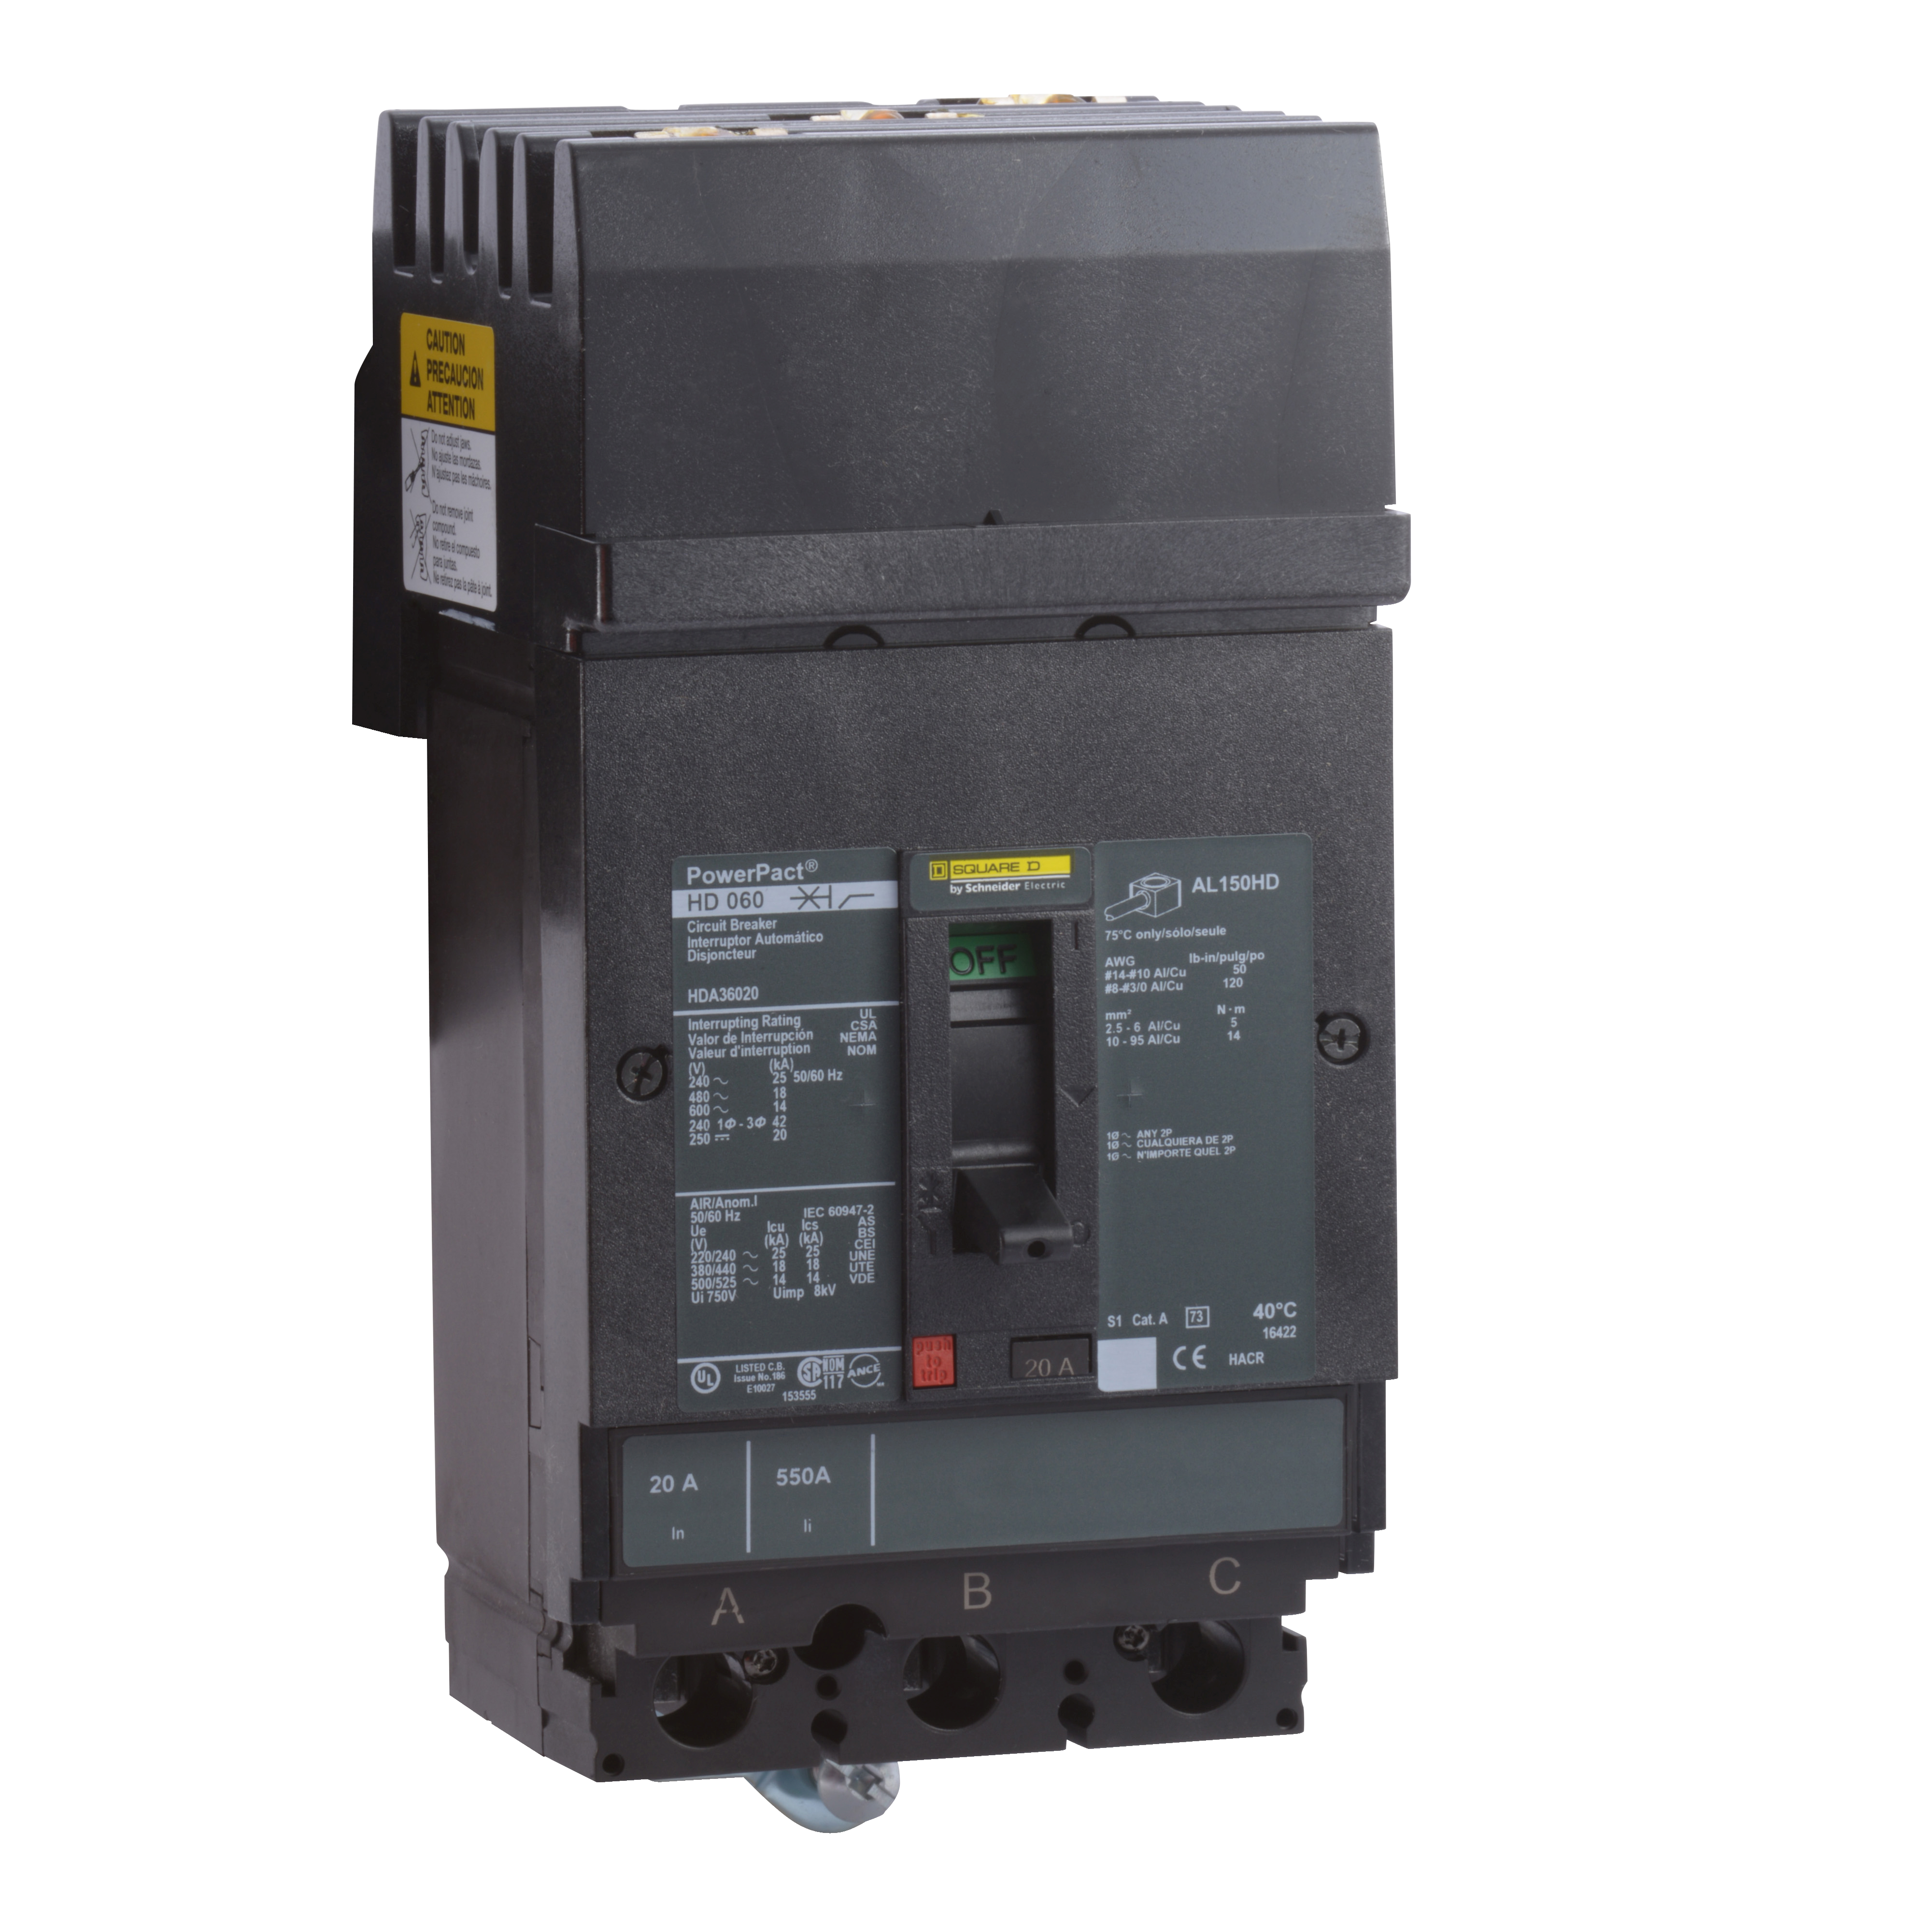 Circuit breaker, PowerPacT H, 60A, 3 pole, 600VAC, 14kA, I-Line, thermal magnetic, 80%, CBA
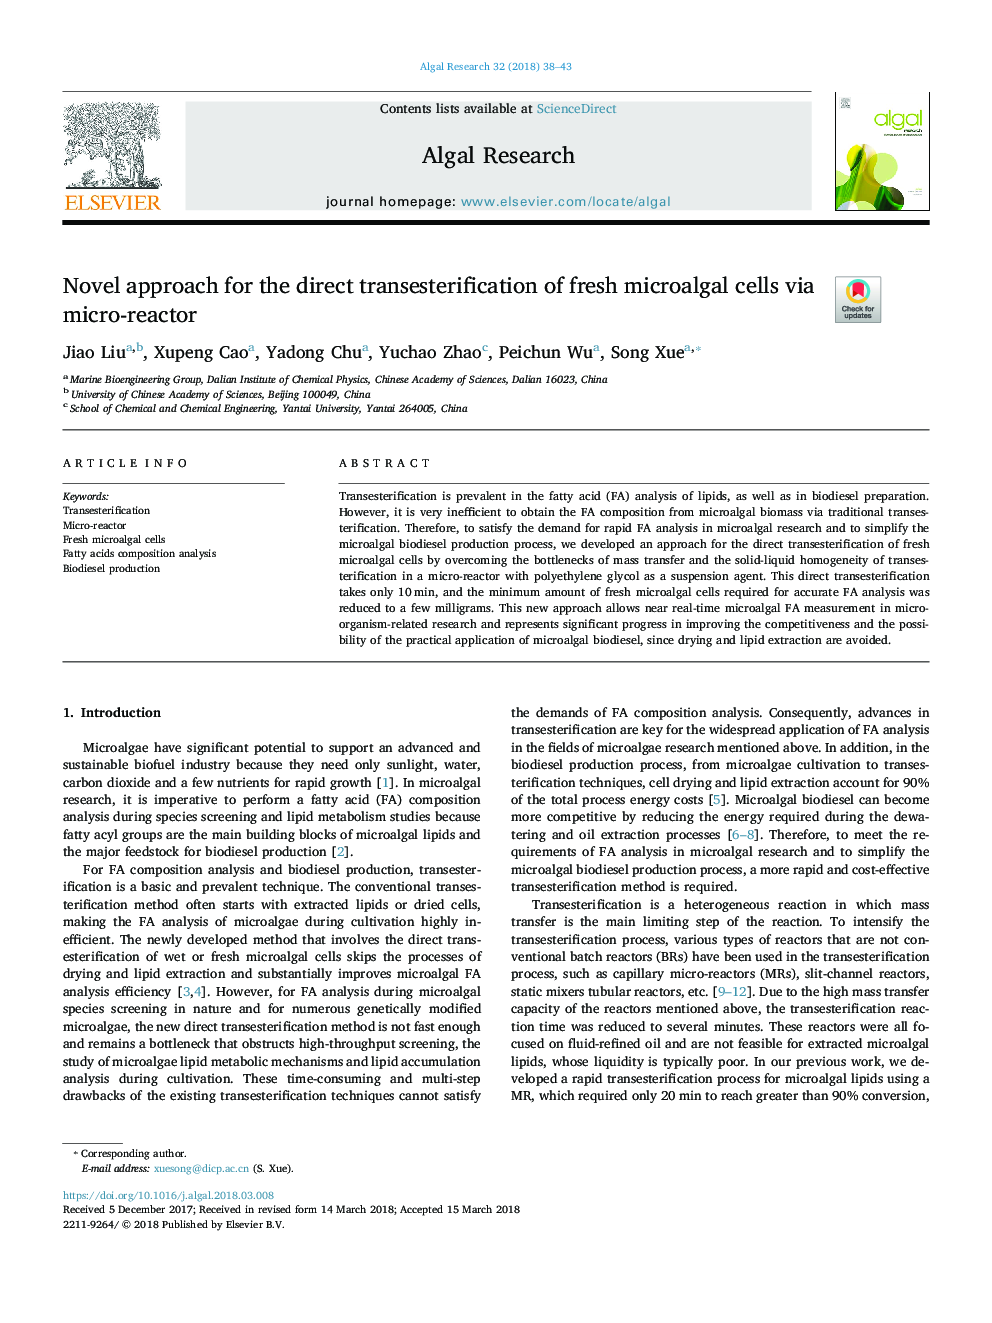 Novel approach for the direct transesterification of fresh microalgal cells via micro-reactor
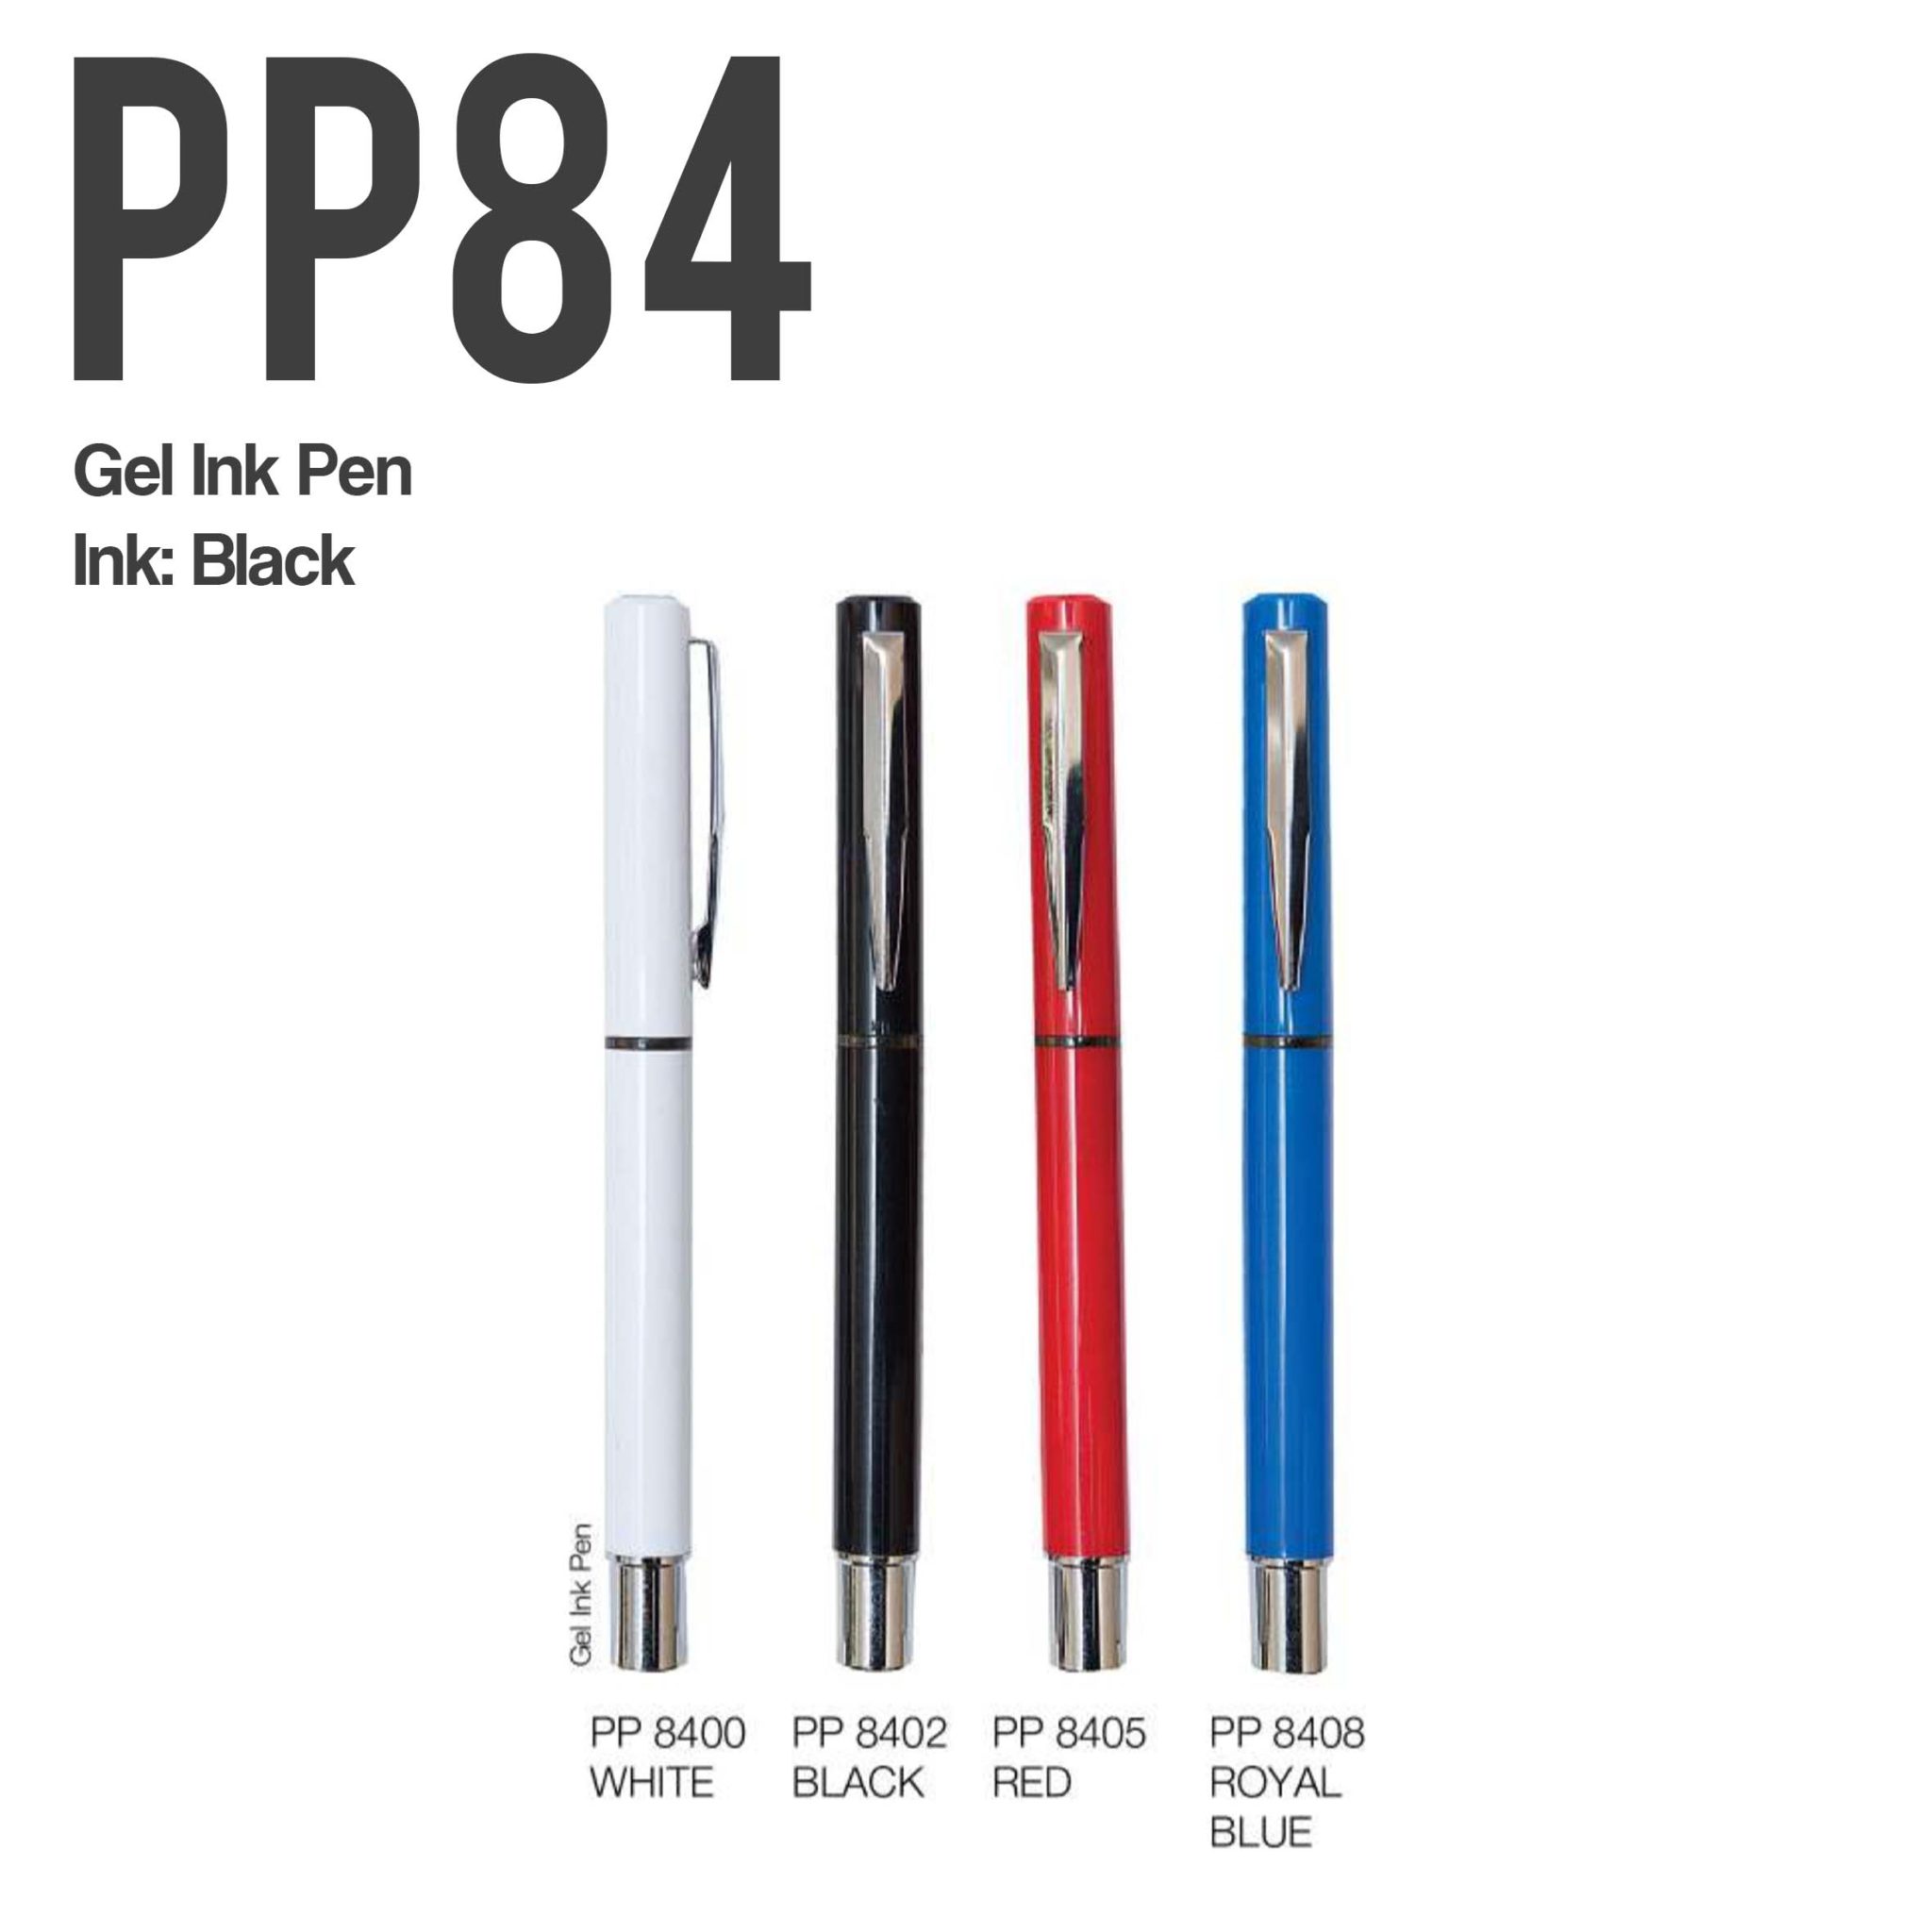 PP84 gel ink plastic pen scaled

◆ Exercise prompt ◆
Find the line containing "Novel approach for" in the listing above. Restate it and every line after it, word for word, through the final line, leaving out the pictures.

◆ Exercise answer ◆
 Novel approach for the direct transesterification of fresh microalgal cells via micro-reactor
 PP84 gel ink plastic pen scaled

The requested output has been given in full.